I was day dreaming and hit some un-taped trim



It's always day dreaming lol... I've never burned a customer car but I have done it on jobs for friends once or twice because I got sloppy.



It usually happens when it's 95+ degrees out and the heat takes the focus out of me.
 
I would have to agree that if you aren't staying focused then you should stop and take a break for a few mins. I think with a wider variety of pads and compounds then you shouldn't have to put yourself in a position to potentially burn paint. Mistakes happen, a thin edge or piece of plastic trim but if your aware of them you should be safe.

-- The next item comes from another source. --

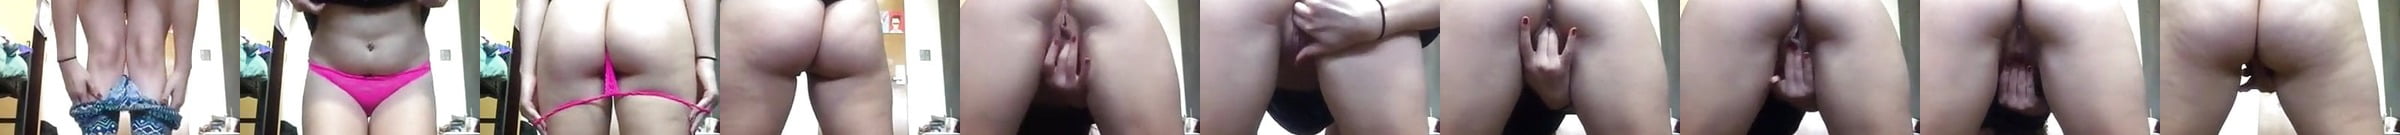 Komal Jha First Time Full Nude Washrom Video 2017 Porn 55 Xhamster

If you've been able to archive good correction with a PC then I would tell you to take the step up to a rotary. You already know the fundamentals of working with compounds your just going to see things happen faster. If not then I wouldn't recommend it unless you can get a pro to give you some lessons.
 
White_07_G6_GT said:
If you've been able to archive good correction with a PC then I would tell you to take the step up to a rotary. You already know the fundamentals of working with compounds your just going to see things happen faster. If not then I wouldn't recommend it unless you can get a pro to give you some lessons.



jw said:
I've been using a pc for 5 years. The results have been okay but not incredible. The car always looks shinier than before but it never seems to to get rid of all the swirls. I'm not sure if i need to step up a to rotary or i just need to find a better pad/polish combo.





So I guess he is not ready for the rotary yet?
 
BigJimZ28 said:
So I guess he is not ready for the rotary yet?



IMHO No. We all know that you can achieve great results with a PC with the correct pad and product. I spent weeks last year working with a compound being frustrated only to be shown that I was using too much initial product was using too much pressure and using the wrong pad which was not allowing to break down fully.



But I'm still fairly new at this I'm not a pro I only do 1 or 2 corrections per week.



I would suggest buying the pads, it will save you money in the short term.
 
Maybe I've changed my mind, It sounds a little too easy to burn the paint. How careful do you have to be with 4 inch pads on a pc?
 
I switched to a rotary and it's not that bad. I'm always practicing on my eater truck which looks great now. The PC can only do so much, and a white pad and 106FF with the rotary does awesome work.



I only use my PC for tight areas and painted plastic trim.
 
jw said:
Maybe I've changed my mind, It sounds a little too easy to burn the paint. How careful do you have to be with 4 inch pads on a pc?



Don't take this the wrong way but...........MAN UP and just do it
 
man, is burning really that common? I attempted my first paint correction with a rotary last weekend, and though i didn't get the level of correction I had hoped for, it didn't seem burning the paint needed to be a realistic concern so long as I kept moving...



I was really pleased with how quiet my Makita runs in comparison the the PC I've gotten used to, and I was considering wearing headphones next attempt... now I'm not so sure with all this daydreaming/burning paint talk.
 
Gopher said:
man, is burning really that common? I attempted my first paint correction with a rotary last weekend, and though i didn't get the level of correction I had hoped for, it didn't seem burning the paint needed to be a realistic concern so long as I kept moving...



I was really pleased with how quiet my Makita runs in comparison the the PC I've gotten used to, and I was considering wearing headphones next attempt... now I'm not so sure with all this daydreaming/burning paint talk.



Remember, there are *no* warning signs. The damage will just appear, and you'll likely think "What's that?" and be a bit confused until you realize that you just burned and/or melted something. There's no sign from the paint or the buffer that's going to give you any warning... it just happens.



The day you pick up the rotary and it doesn't scare you a little is the day you will burn paint or melt plastic.